Consider a quadratic equation:

$ax^2 + bx + c = 0$

We are often told that the expression $b^2 - 4ac$ — known as the discriminant — determines how many real roots the equation has.

But why does this happen?

The Key Observation

Using the quadratic formula:

$x = \frac{-b \pm \sqrt{b^2 - 4ac}}{2a}$

we see that everything depends on the square root term

$\sqrt{b^2 - 4ac}$

The nature of this square root determines the number of real solutions.

Case 1: $b^2 - 4ac > 0$

If the discriminant is positive, then $\sqrt{b^2 - 4ac}$ is a real, non-zero number.
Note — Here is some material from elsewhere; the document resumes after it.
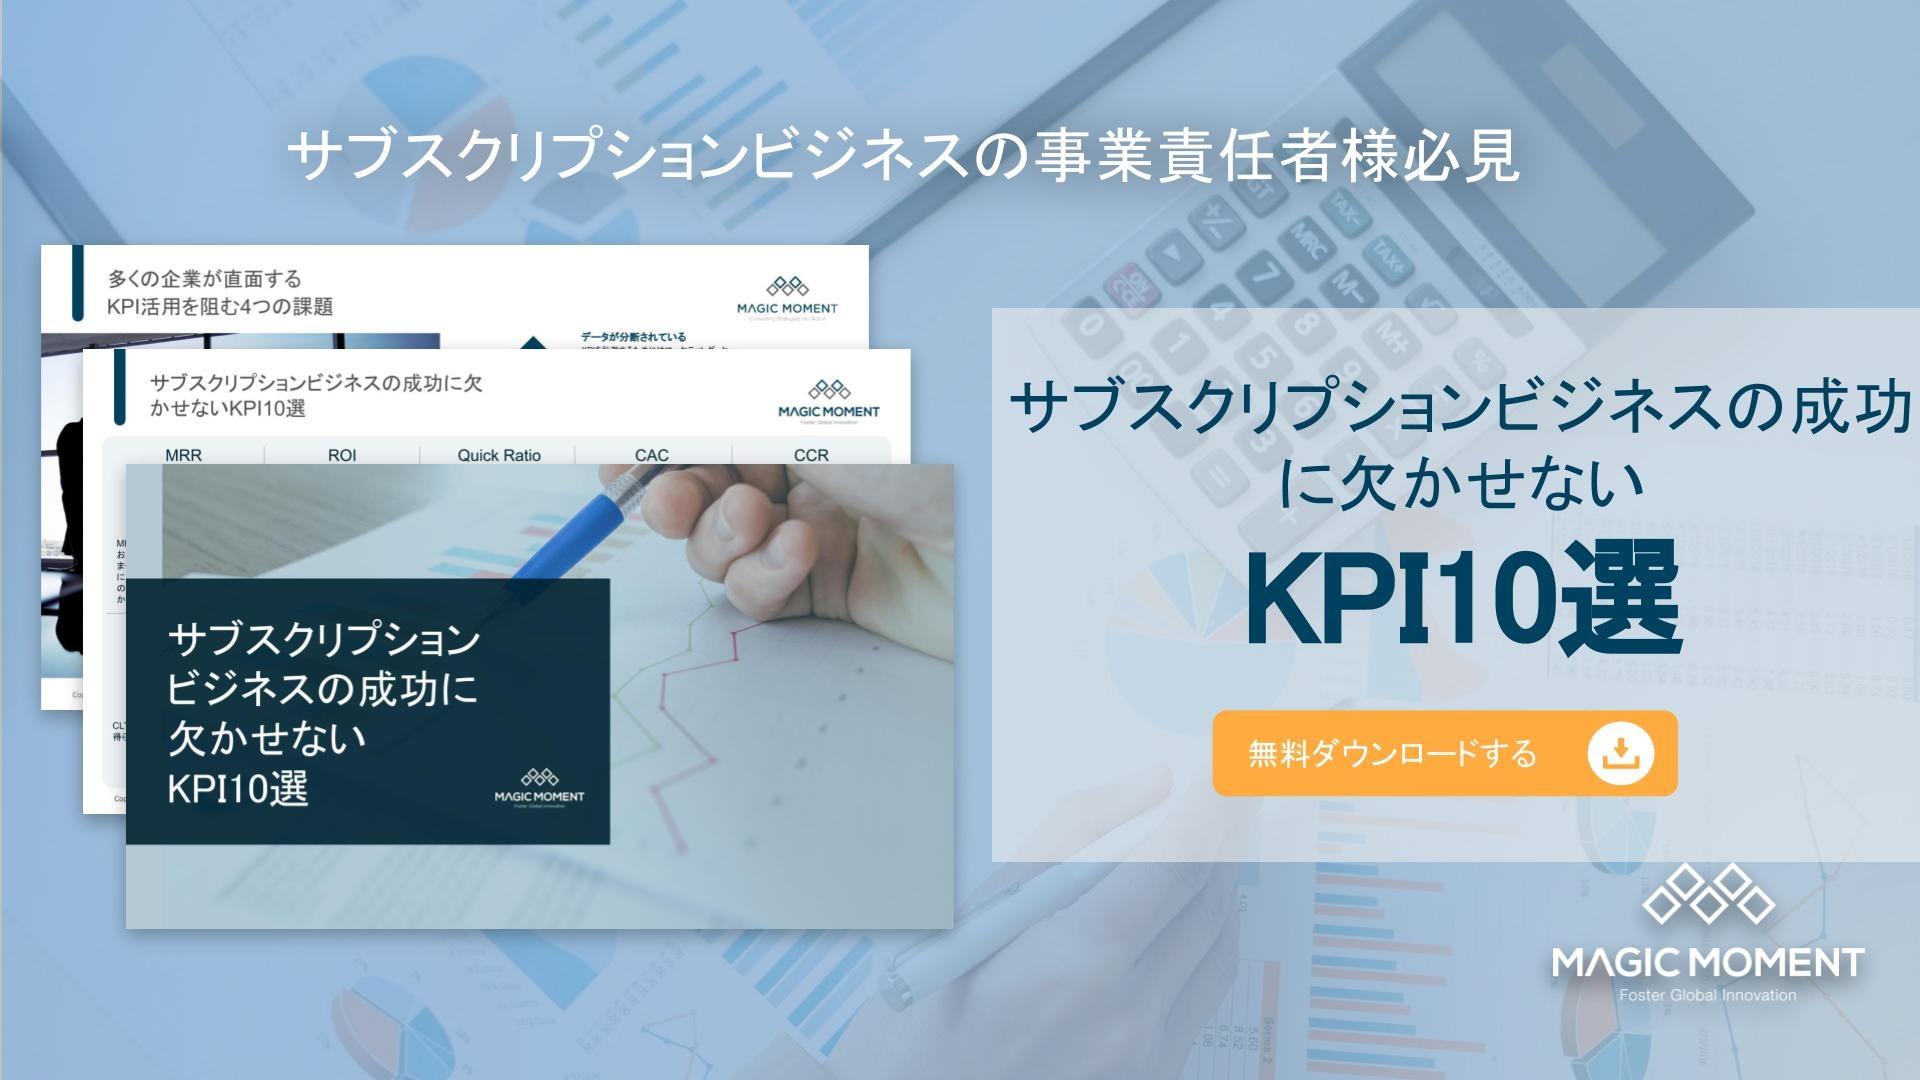 Accel-190816-サブスクリプションビジネスの成功に欠かせないKPI10選

This means the $\pm$ sign gives two different values, so the quadratic has two distinct real roots.

Case 2: $b^2 - 4ac = 0$

If the discriminant is zero, then

$\sqrt{b^2 - 4ac} = 0$

So the formula becomes

$x = \frac{-b}{2a}$

Both values collapse into one, so the quadratic has one repeated real root.

Case 3: $b^2 - 4ac < 0$

If the discriminant is negative, then $\sqrt{b^2 - 4ac}$ is not a real number.

So the quadratic has no real roots.

A Graphical Interpretation

Now consider the graph

$y = ax^2 + bx + c$

The roots of the quadratic are exactly the points where the graph meets the $x$-axis.

  • If $b^2 - 4ac > 0$, the graph crosses the $x$-axis twice.
  • If $b^2 - 4ac = 0$, the graph just touches the $x$-axis once.
  • If $b^2 - 4ac < 0$, the graph does not meet the $x$-axis at all.

So the discriminant determines how many times the graph intersects the $x$-axis, which is why it determines how many real roots there are.

Conclusion

The discriminant is not just a number to calculate mechanically. It controls the square root term in the quadratic formula, and that in turn determines whether the equation has two, one, or no real roots.